I was reading the latest Greenhouse news report (earth hotter than it's been 400 years), and was all prepared to blog about that.  Then, I discovered that my WordPress was down.  So, I read around a bit more and discovered that The Anchoress has already said what I planned to say.  So, here's the Anchoress on that subject:

Which begs the question…if we weren’t driving cars and flying planes and otherwise polluting the earth…why was the earth so freaking hot 400 years ago?

The stellar ladies at the Independent Women's Forum add their bit to this discussion:

But here are the actual findings by the scientists of the National Research Council:

"Their 155-page report said average global surface temperatures in the Northern Hemisphere rose about 1 degree F during the 20th century."

Oh.

Kind of gives new meaning to the phrase "greenhouse gas."

What's interesting is that this report makes it appear, not just that the reporter was bringing his biases to the story, but that the scientists were too.  How else to account for scientists making statements like this:

The National Academy of Sciences, after reconstructing global average surface temperatures for the past two millennia, said Thursday the data are "additional supporting evidence … that human activities are responsible for much of the recent warming."

Going back to the Anchoress' point, this sentence makes little sense given that temperatures have been as hot on planet earth before this time, despite the absence of any significant Greenhouse Gas emissions. And lest you doubt the Anchoress' logical conclusion, reading past articles inflammatory headline and first few paragraphs gets you to this little gem:

Combining that information gave the panel "a high level of confidence that the last few decades of the 20th century were warmer than any comparable period in the last 400 years," the panel wrote.
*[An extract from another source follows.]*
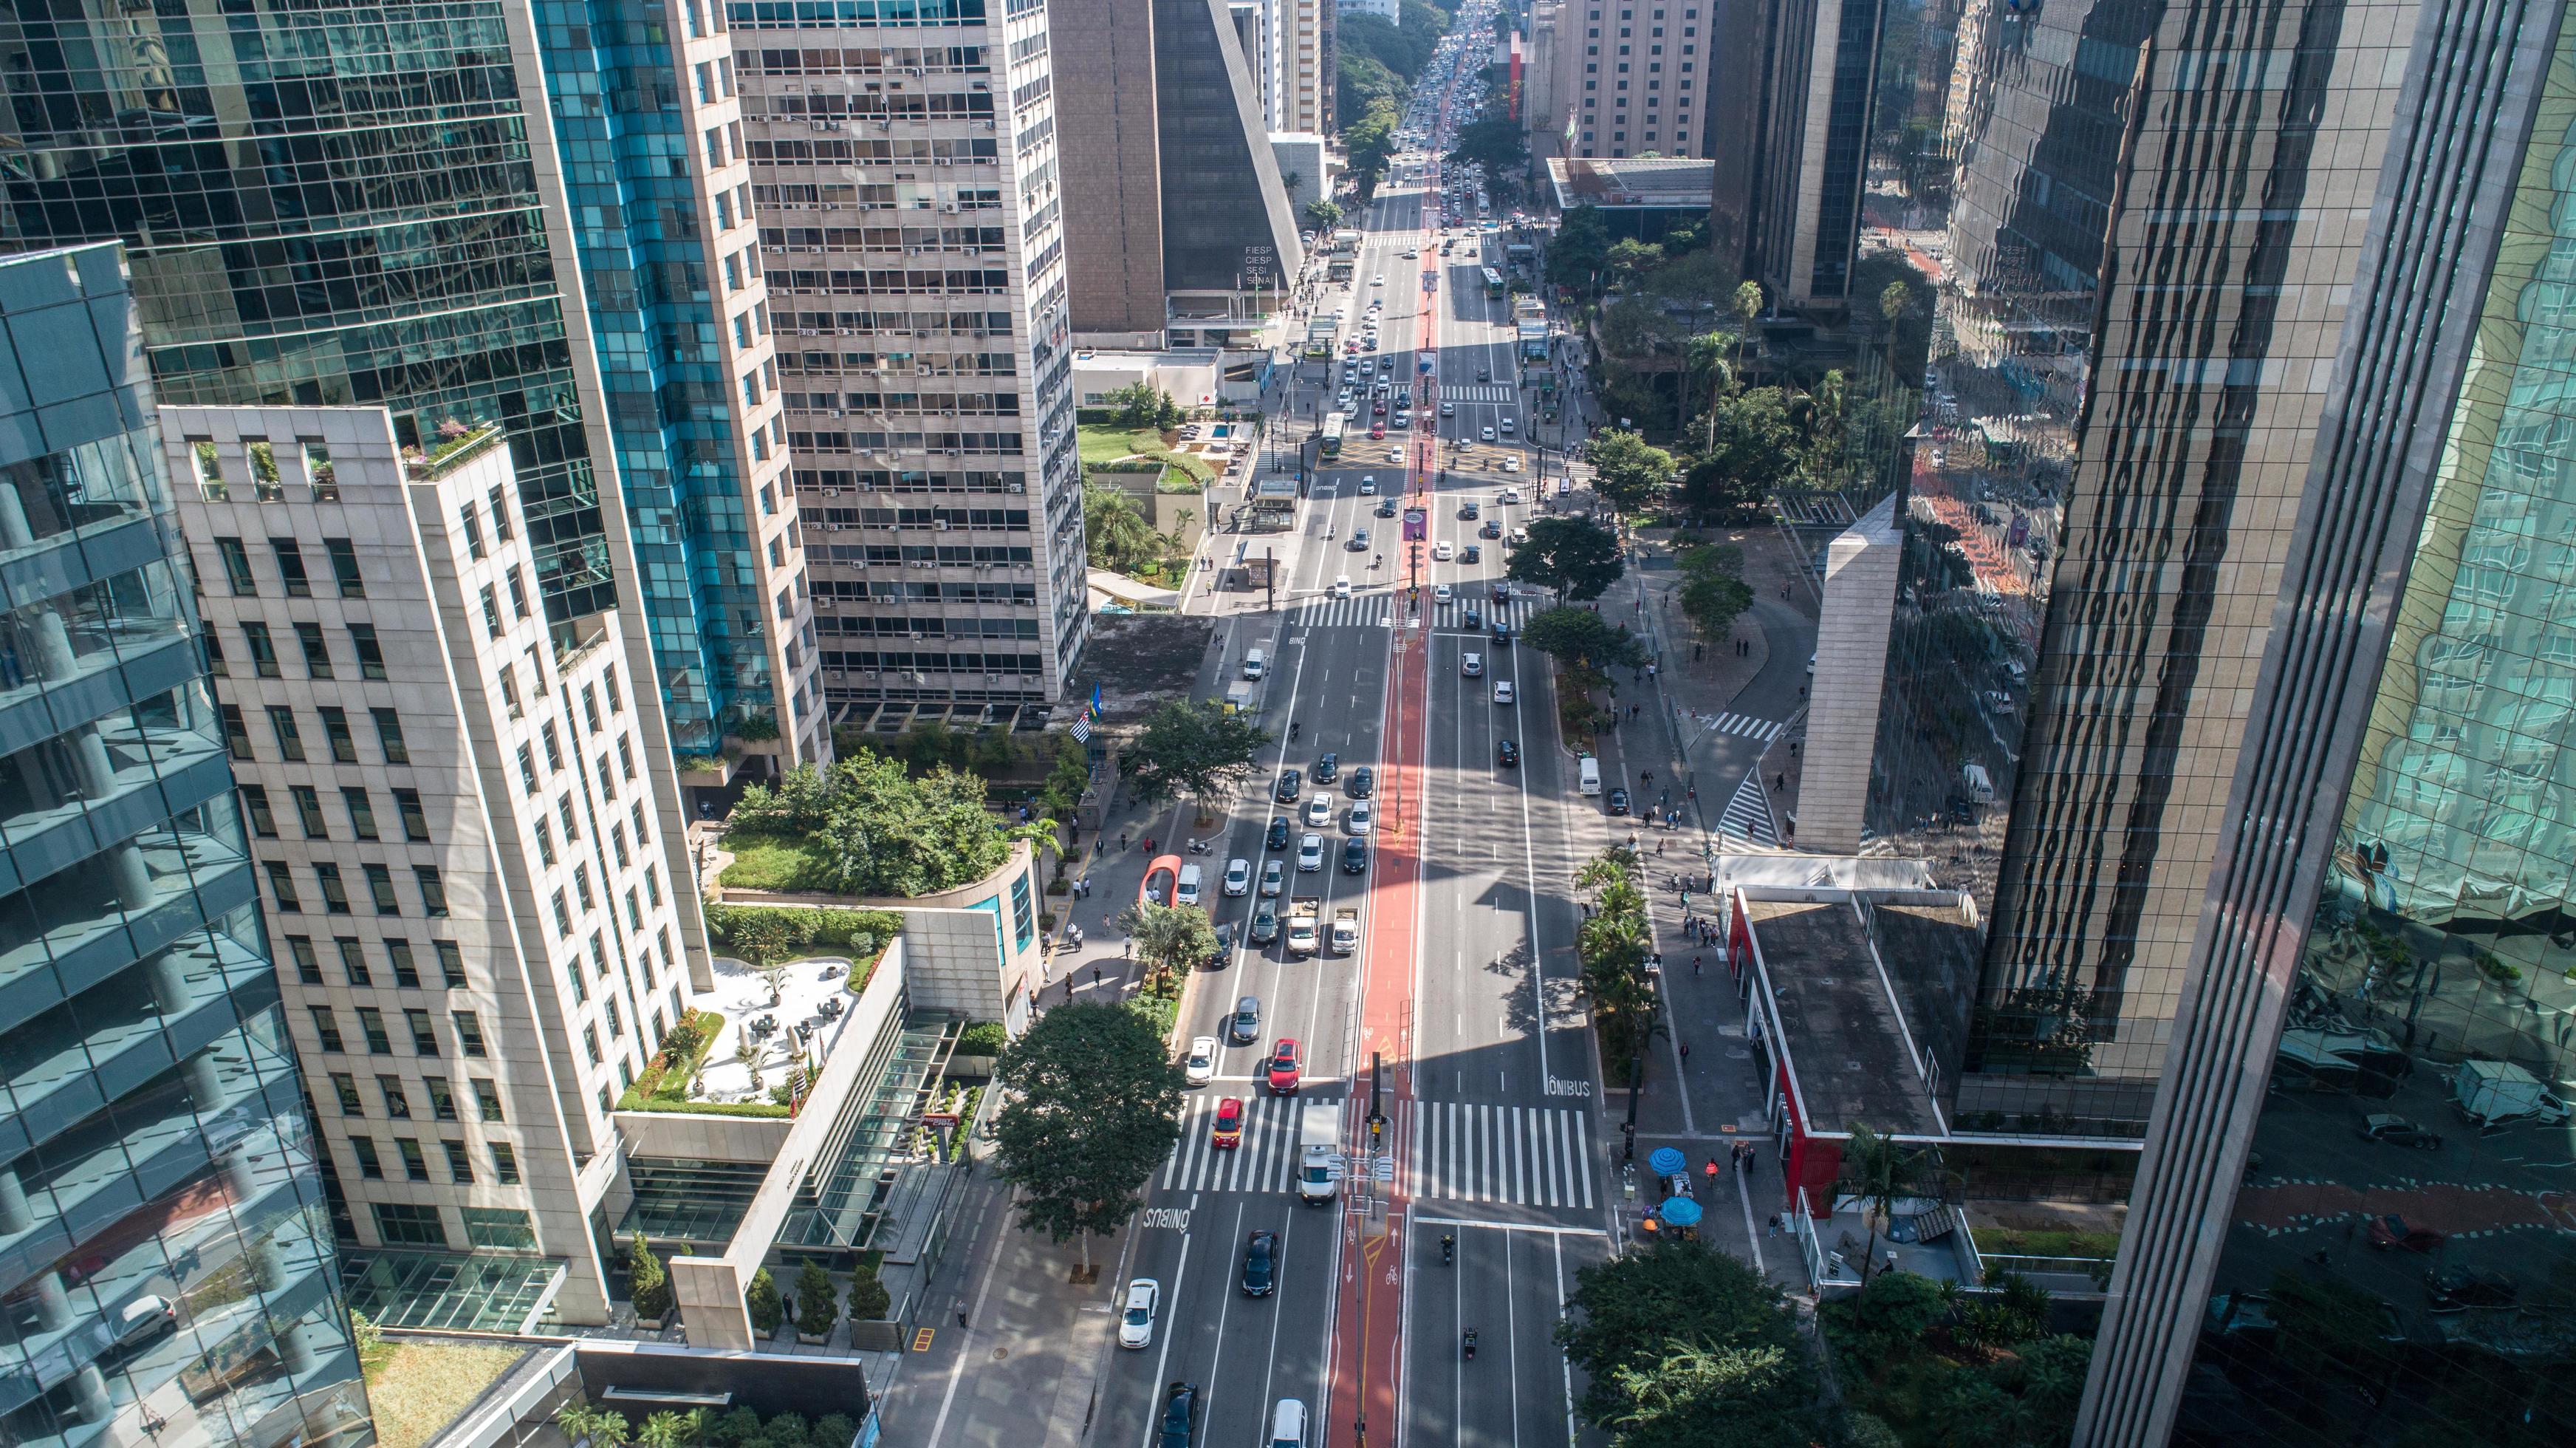 Sao Paulo, Brazil, May 2019 - Aerial view of Avenida Paulista

It said the "recent warmth is unprecedented for at least the last 400 years and potentially the last several millennia," though it was relatively warm around the year 1000 followed by a "Little Ice Age" from about 1500 to 1850.
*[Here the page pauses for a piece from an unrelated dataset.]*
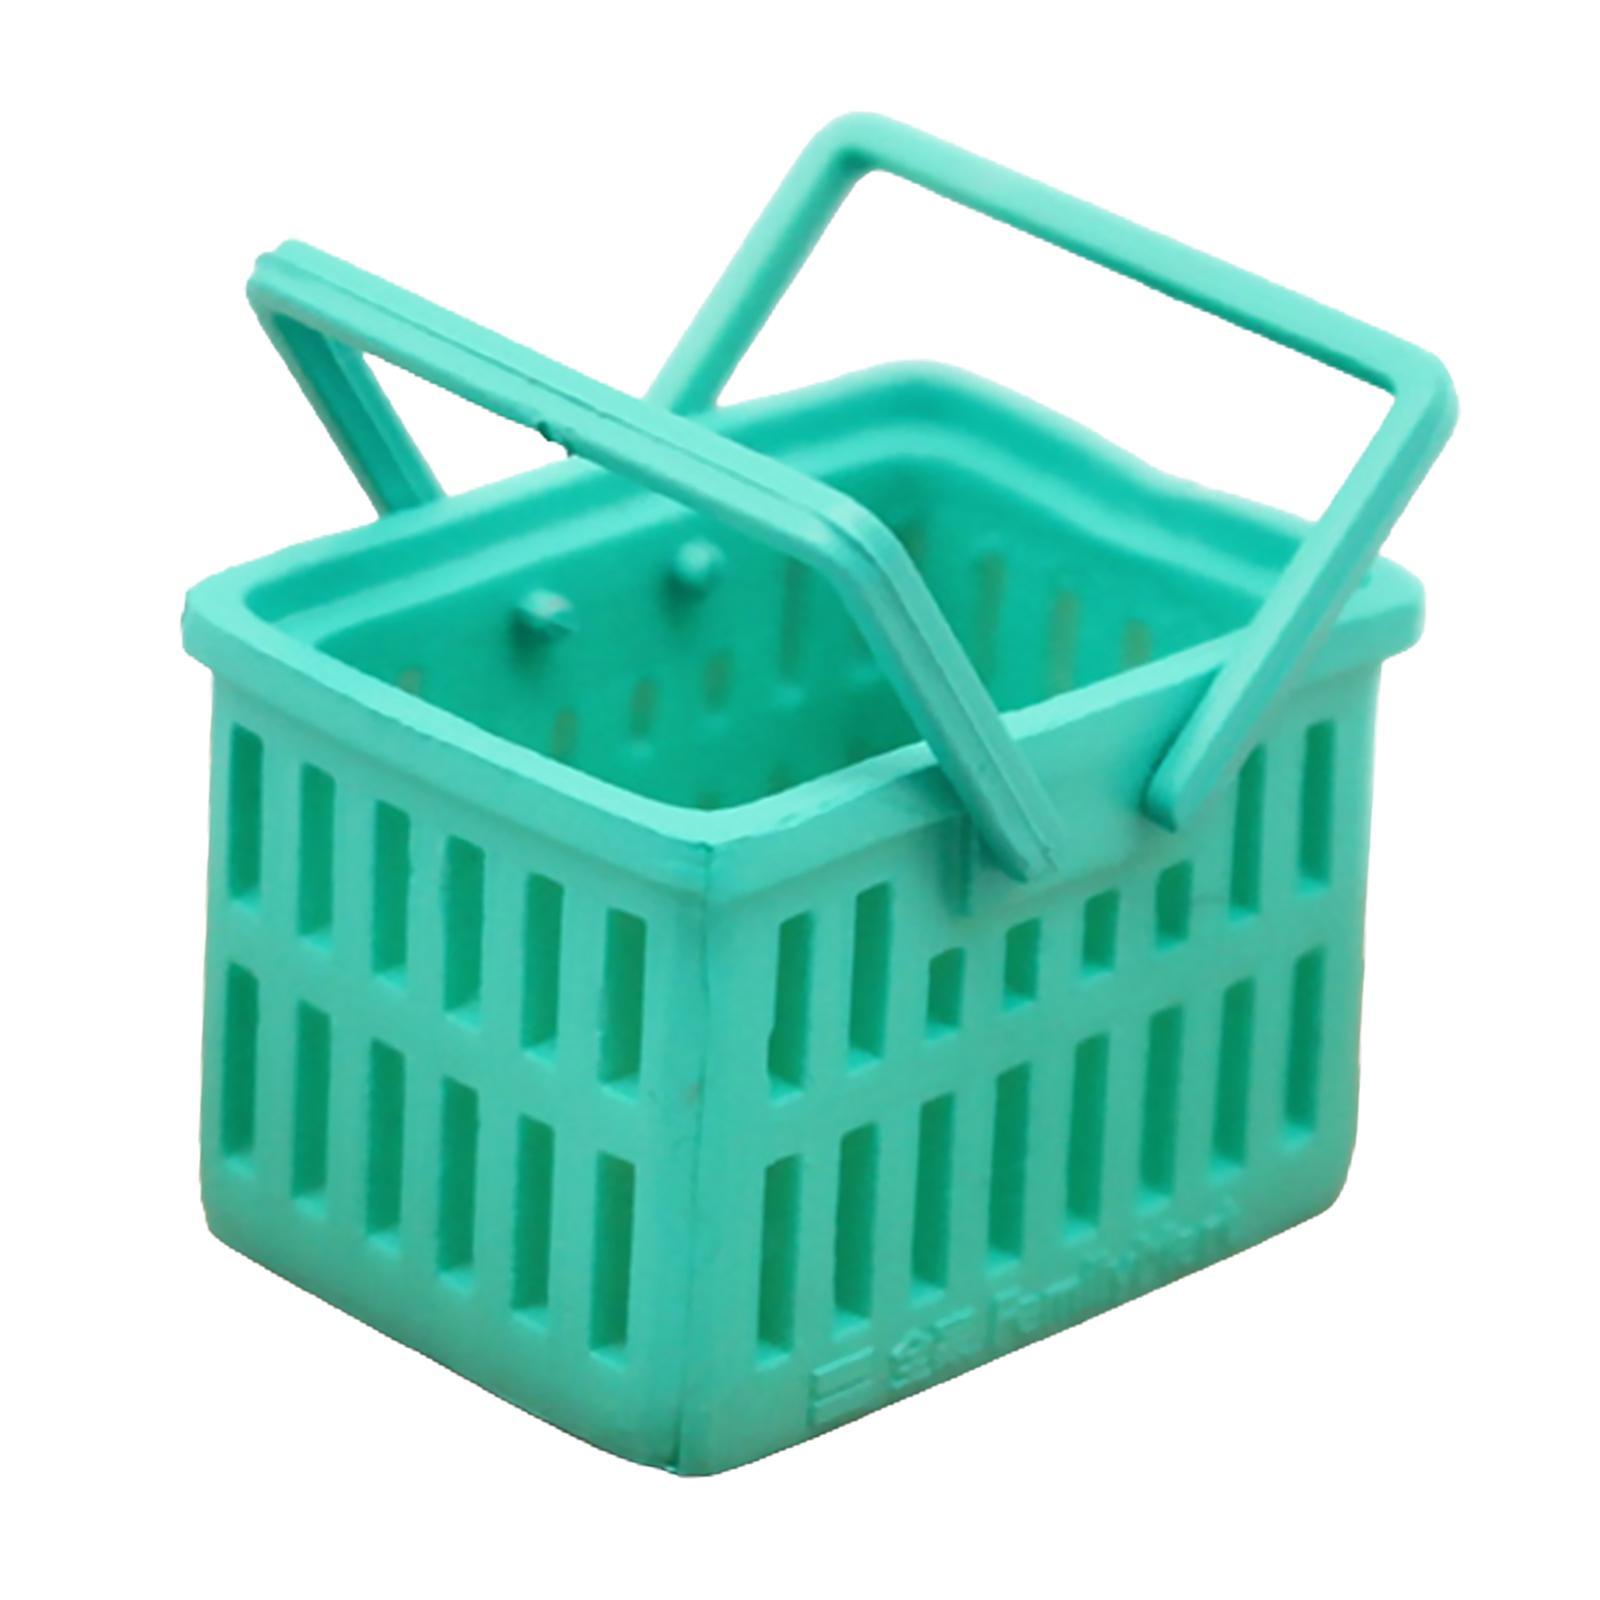 Dollhouse Miniature Shopping Baskets Mini Supermarket Basket Model for Green

We're getting used to hysterical, misleading and, sometimes, out-and-out dishonest reporting from the MSM.  The problem is that, lately, scientists seem to lead more and more with an agenda as well.  I pointed this out the other day in connection with an article about "scientists" who set up a computer game to show that optimistic military leaders tend to attack for their own benefit when they have the opportunity.  The report made it clear that the impetus for the study was the "scientist's" personal belief that the Iraq war is a "debacle."  Unsurprisingly, they quickly reached the "scientific" conclusion that unreasonably optimistic leaders get their followers into military debacles.  Armed with this "fact", it was a short step for these "scientists" to conclude that Bush's irrational behavior is leading us into a morass. 
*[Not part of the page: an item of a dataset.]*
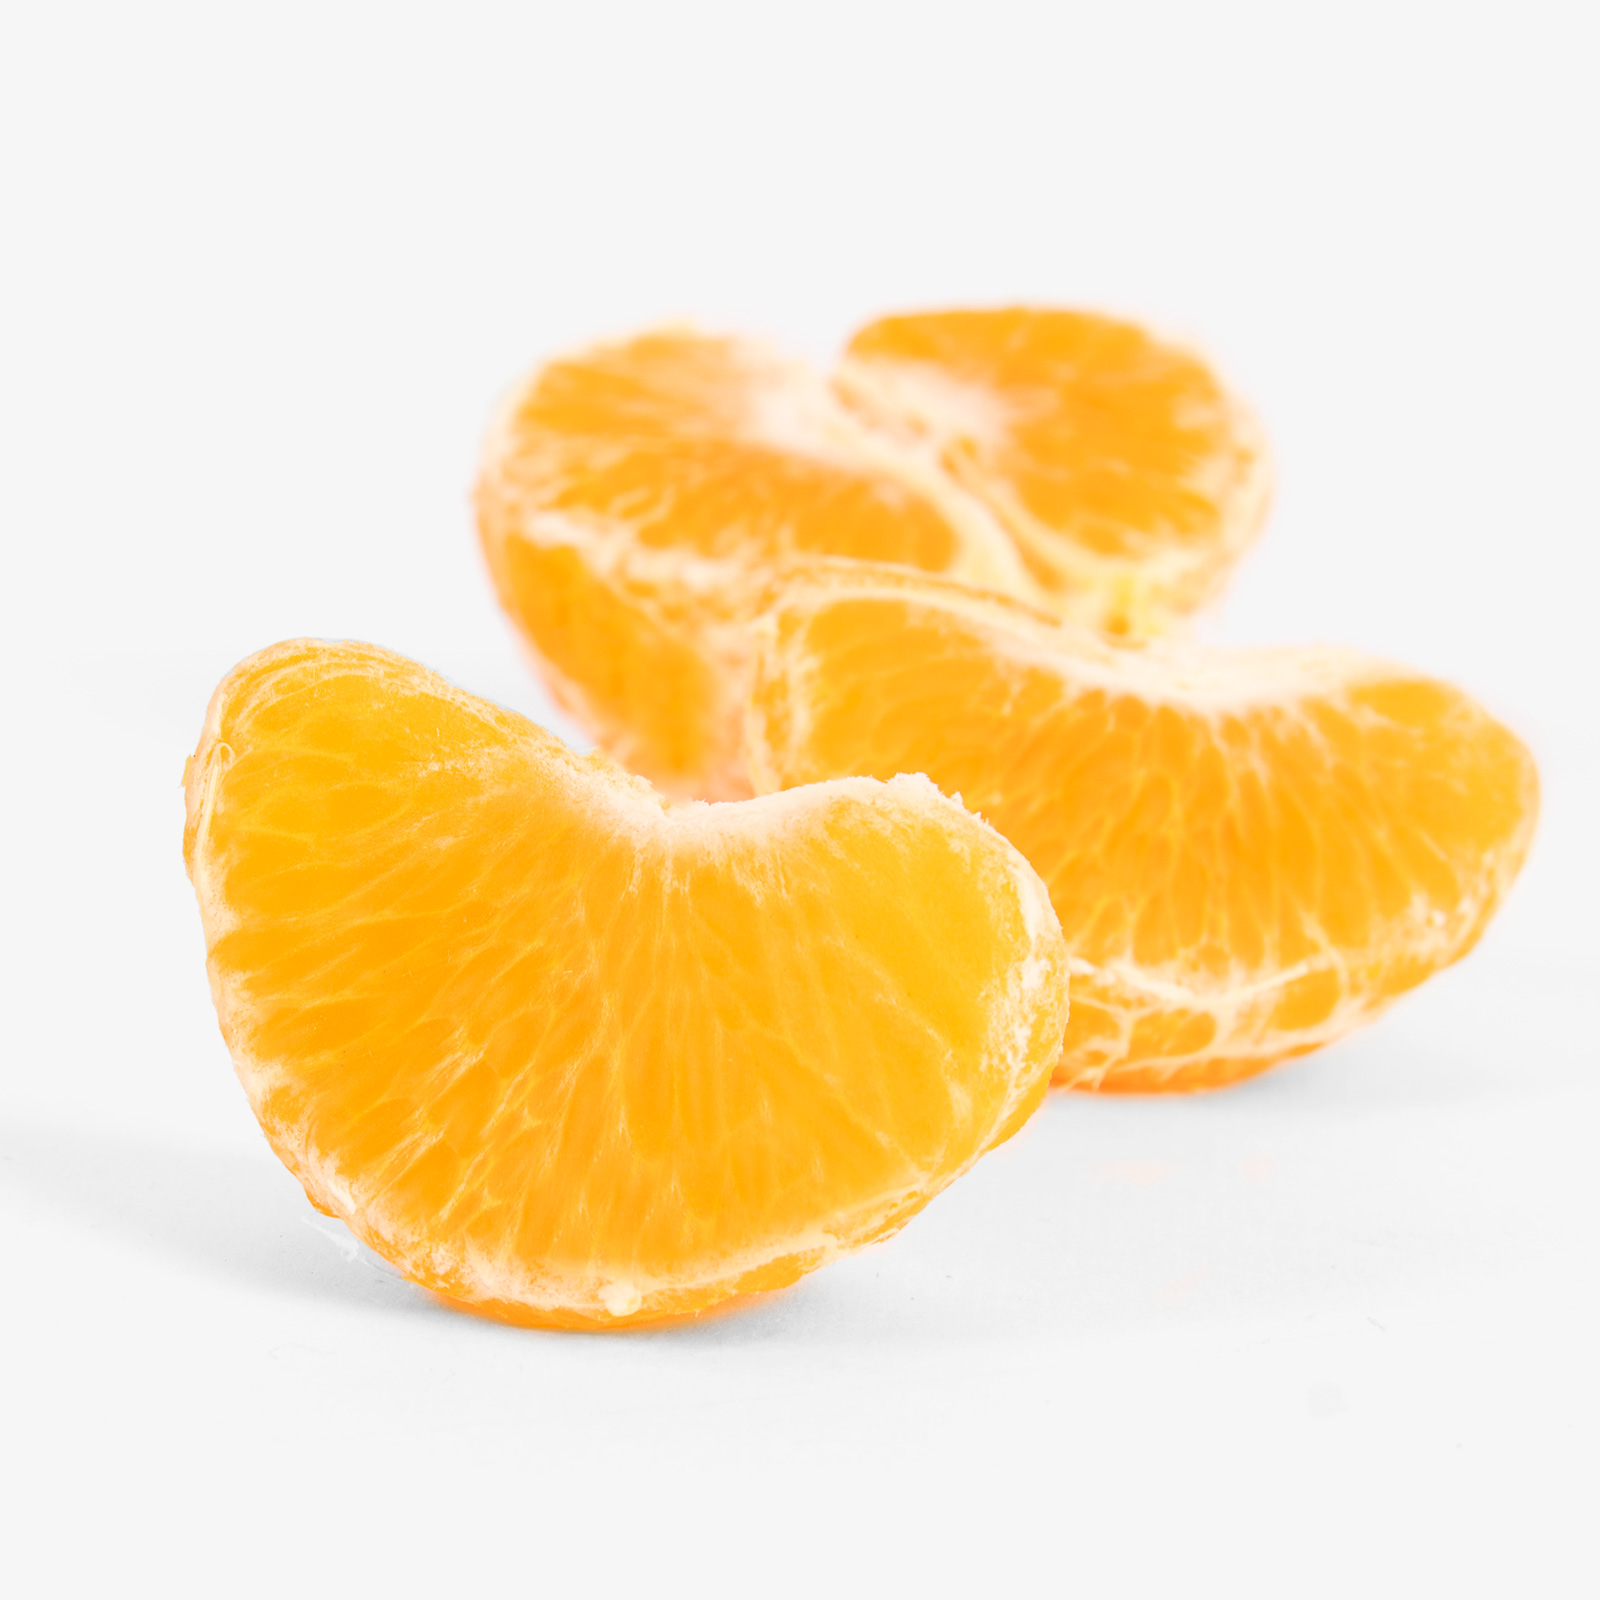 Comprar mandarinas orri online

Reading the article carefully was instructive, because it never provided evidence that the optimistic subjects whom the "scientists" liked to Bush were more likely to lose through there attack strategy.  (I'll admit that this evidence may have existed in the underlying report; it just never showed up in the shrill news article.)  I'll add a dose of common sense here.  Of course optimistic people are more likely to attack.  It would be a fool of a leader who, believing himself outmanned and outgunned and without any capacity to win, nevertheless started a battle.  You need to believe you have an advantage before you press it. 

It's also likely that people playing with monopoly money (the study did, after all, involve a computer game) are going to take more risks than real people in the real world.  I know that, when it comes to my own money, I'm the most risk averse person in the world.  When I play computer blackjack, though, I'll cheerfully risk millions of dollars in the hopes of winning.

My point is that, as Arthur Conan Doyle and Dorothy Sayers have both noted, it's a dreadful mistake to theorize ahead of your data.  It taints the data irreparably.  Enough of this, and the whole scientific community is thrown into disrepute.  

So, back to the global warming issue:  I don't question that the earth's temperature has changed in the last decades and centuries.  It is entirely possible that we're responsible for more recent aspects of that change.  However, it's also possible that we're not — because this has happened before.  I reserve judgment.  The problem is that I don't feel that there is credible information out there to which I can look to educate myself on this issue.  This is so because, lately, science seems so much less about data and conclusions, and so much more about agendas, agendas, agendas.